October is officially a big month for Smitty, and last night was the first of several lessons planned before his first show. Sorry in advance for no new media, and for this being a brain dump so I can remember all the things next time.
We rode out in the outdoor ring, which I have been avoiding since my confidence took a hit last month and I’ve been sticking to the more enclosed covered arena. But I want to power through some of my anxieties, and for me that means having an instructor there to get me out of my head and focusing on the saddle. Speaking of saddles by the way, the Amerigo Vega monoflap is officially the winner of the trial period, and though it was odd to have a dressage lesson in jump tack, I’m grateful to finally have a saddle that fits my gangly boy.
We started our lesson by warming up with a forward walk, and getting me to focus on staying relaxed until I trusted that I could really lengthen my reins to a semi-free walk length and allow him to telescope his neck out- a main focus for the next hour. Once I was able to do so without crabbing up, we introduced transitions between medium walk and free walk. I haven’t yet attempted medium walk, as we were focusing on the forward motion of the walk primarily, but it was a relief to see that he seemed to understand the concept fairly readily. For now though, we don’t want to keep him in medium walk for more than a few strides, since it’s hard for him to hold at this stage.

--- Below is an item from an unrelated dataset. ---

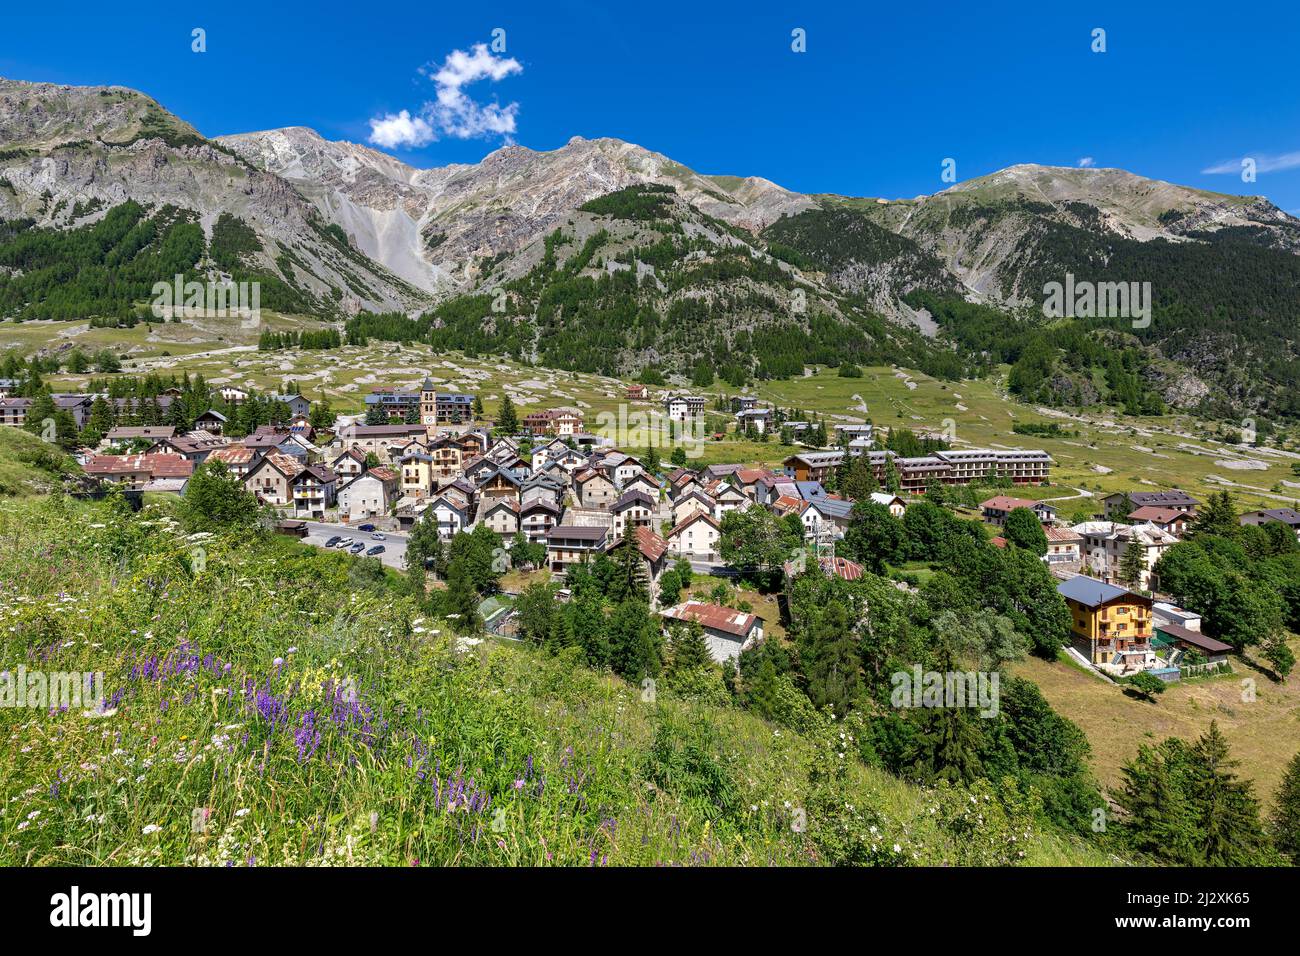 Small alpine town of Bersezio on the green valley among mountains under blue sky in Piedmont, Northern Italy. Stock Photo

Moving into the trot, again the focus was on transitions. We started asking that the walk to trot transition be from back-to-front, meaning that the push was coming from behind. Again because of the baby status, that meant that it was a small effort, a few small steps before moving into the proper forward, working trot. I now realize that I have been holding my reins too short, and I need to focus on keeping them long enough that he can reach out with his neck at all times. If he comes up in the poll or above the bit, I am allowed to widen my hands to keep the contact with his mouth, but not allowed to shorten the reins in response. Then when he lowers his neck and stretches out again I can slowly bring my hands back together. And if Smitty were to become resistant, or attempt to dive down into the contact and drag me along, it is my job to ride with a strong core and back and lower leg. Then I don’t run the risk as much of being pulled over the handlebars and I can trust in myself to stay balanced should anything happen. Similarly, I need to stay strong and balanced into the downward transitions and keep him marching, instead of going splat into the walk or trot like he wants to do.

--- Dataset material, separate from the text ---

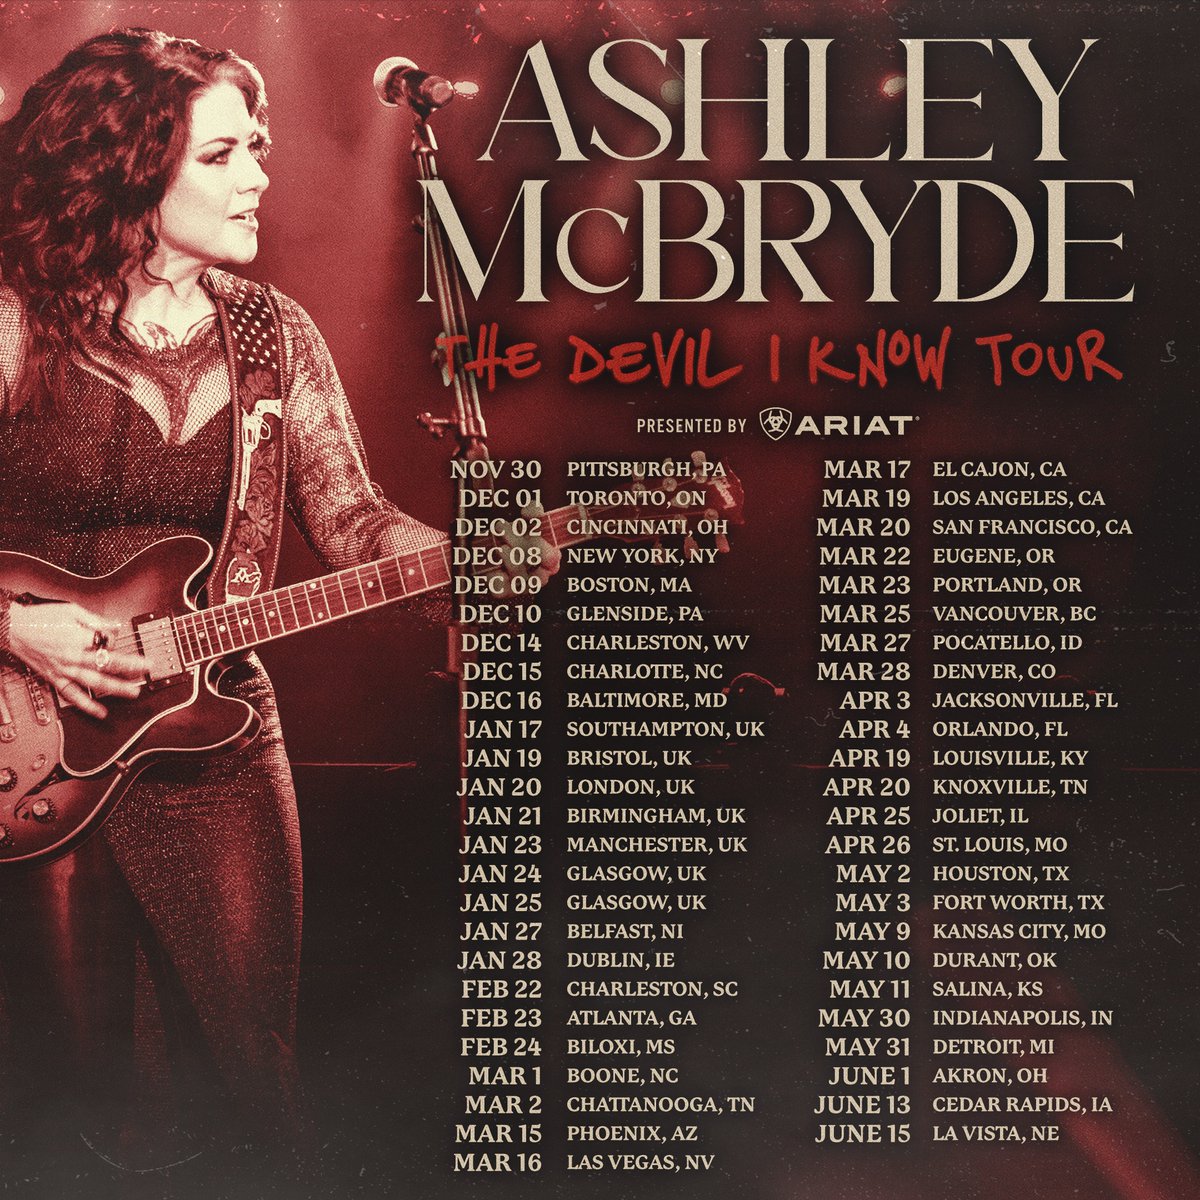 #TheDevilIKnowTour presented by @Ariat is going strong and rolling through a city near you! All dates are on sale now, so grab those tickets and join us for a an incredible show that we are so excited to share. We can't wait to see you.
ashleymcbryde.com/tour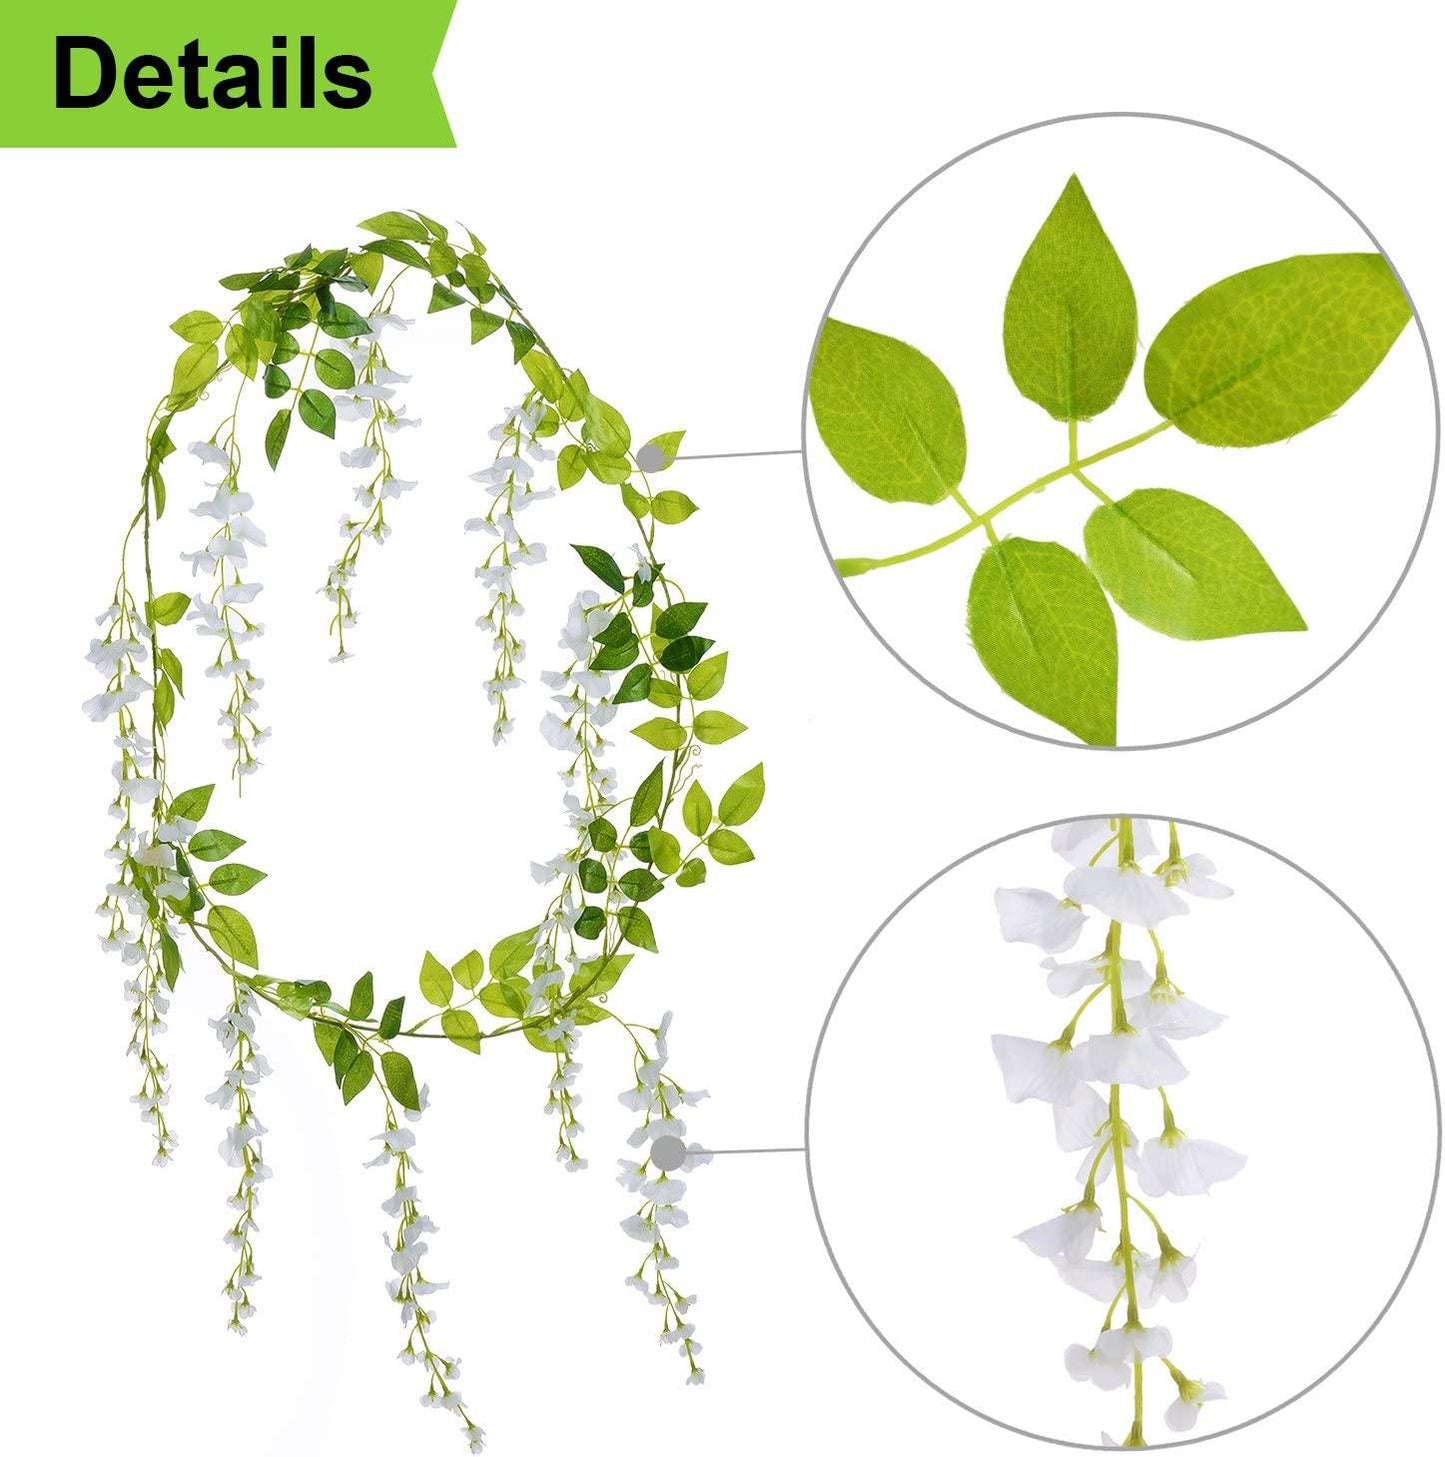 4Pcs Wisteria Artificial Flowers Garland, Total 28.8ft White Artificial Wisteria Vine Silk Hanging Flower for Wedding - If you say i do

our my biggest challenge during the lesson was keeping myself loose and pushing him through any distractions. The outdoor ring is horrible for this, being surrounded on two sides by a trailer park, a third side by a neighborhood under construction, and the last side by a spooky hay barn. I feel like I am constantly watching to see if dogs are going to pop out, or cars, or trailers, or deer… you get the picture. So when one of the neighborhood residents closest to the arena started up his Harley Davidson, and preceded to let it warm up for 5 minutes just out of sight, I nearly lost my shit. Riding can be so much of a mental game, and truthfully, last night I had some fail moments. While Smitty handled it quite beautifully for a youngster, I was a tense mess until the motorcycle left the area and confined us to the furthest end of the arena, clutching my neck strap for dear life. Now looking back on it, I realize that I really need to push through and find some trust in Smitty, or fate, or what have you, and not lose my game face any time the atmosphere becomes challenging. Because as Eliza reminded me, you can’t control the weather, or the atmosphere, or even the footing sometimes, but you can always control or focus on your line, or your tempo, or your bend when those things become annoyances, and that it’s best to just keep riding through.

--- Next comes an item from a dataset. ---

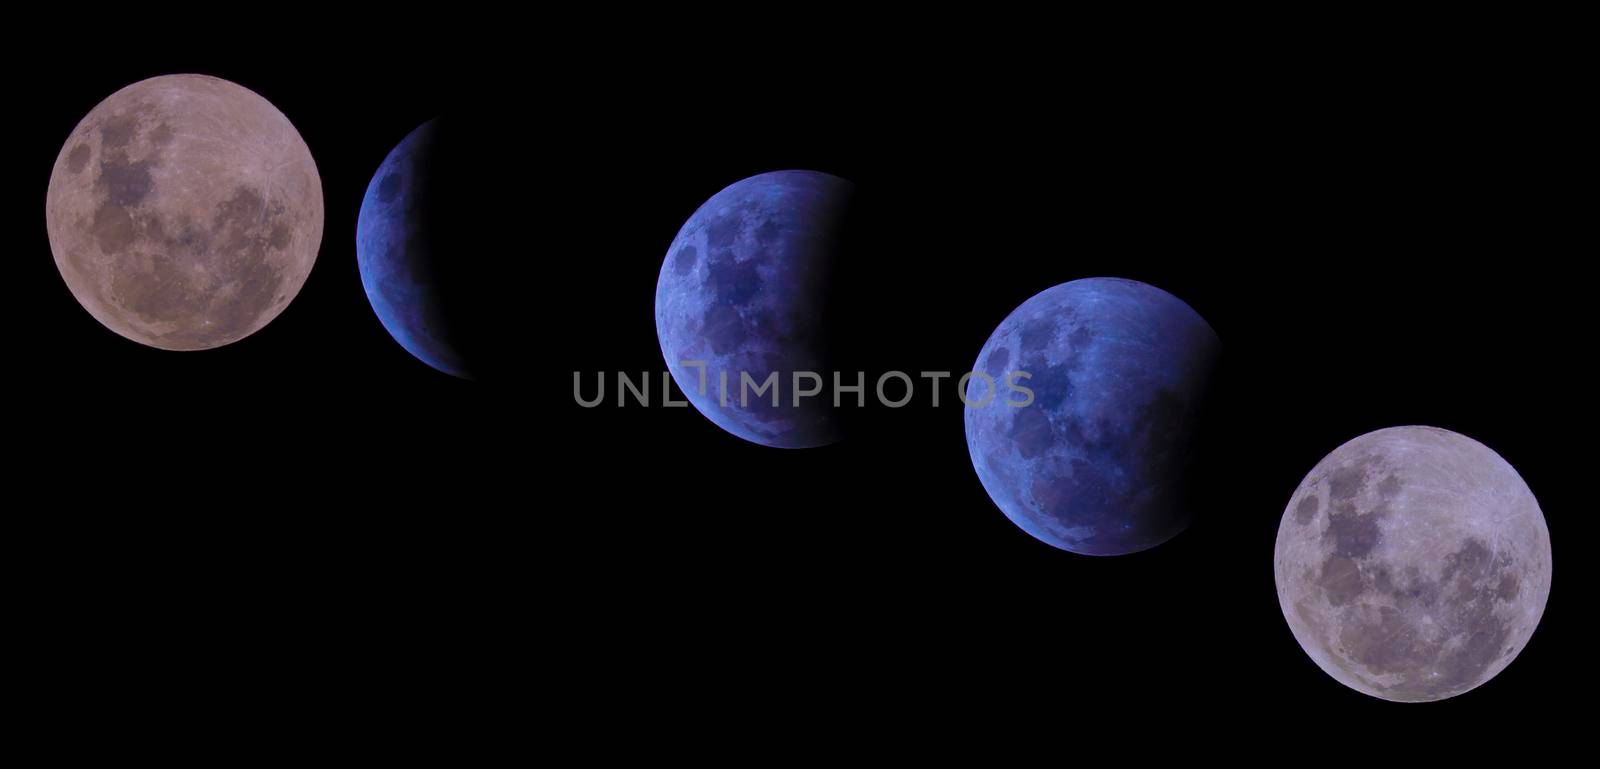 Photograph of a total lunar eclipse from the east coast of Australia by WittkePhotos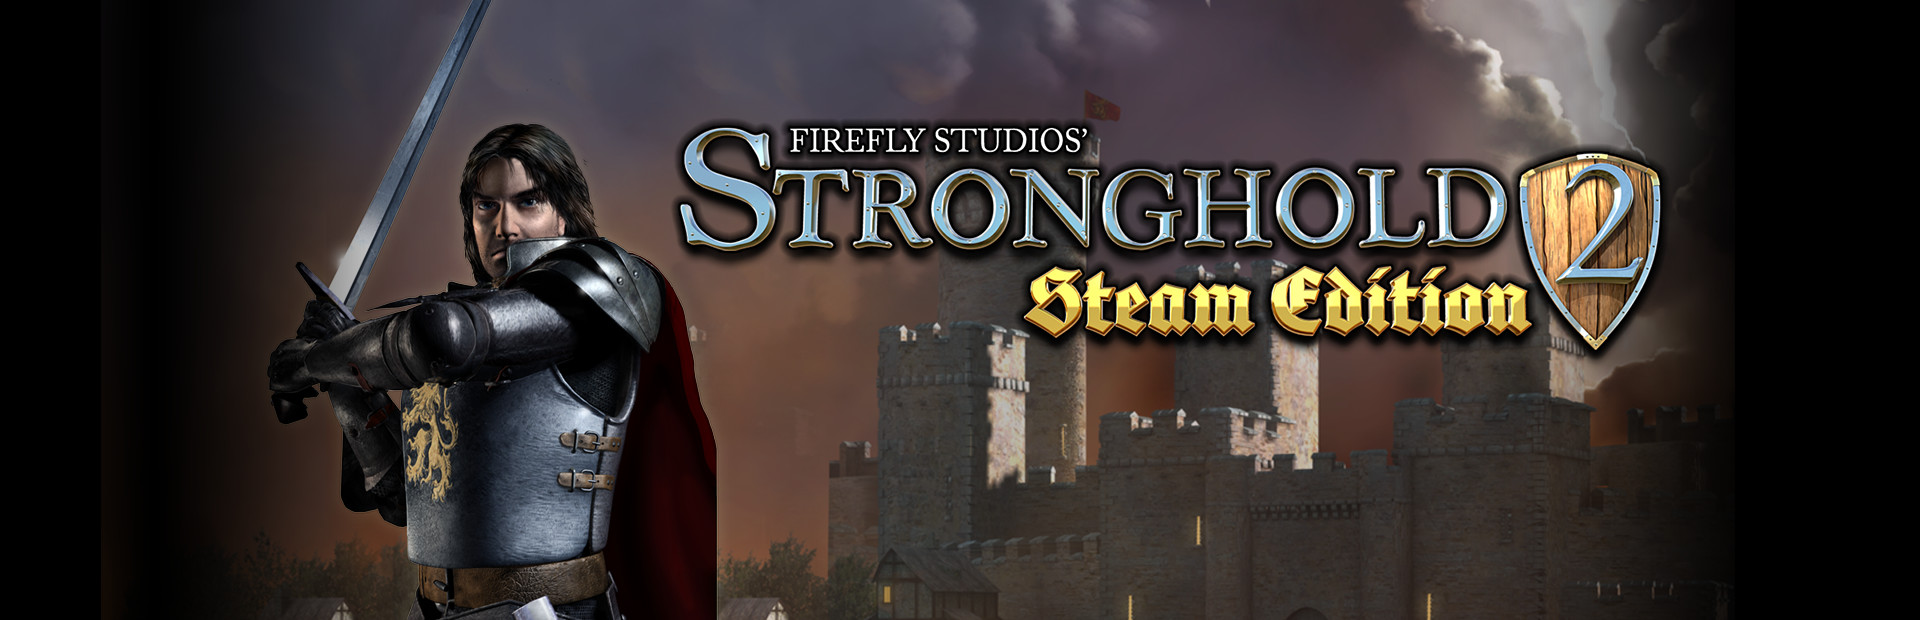 Stronghold 2: Steam Edition cover image

We found a really good note to end things on, cantering in both directions, and Eliza praised us for our progress with the quality of our canter departs and for the overall picture. It was a good lesson for reminding me of the positives and for getting an outside perspective on myself and my abilities as well as how Smitty actually is a very good baby and that it’s going to take time for us to develop a partnership. Tonight, we squeeze in a jump lesson with a new-to-me trainer. Hopefully I can build on some of this retrospective mental mojo and get some good points to boot!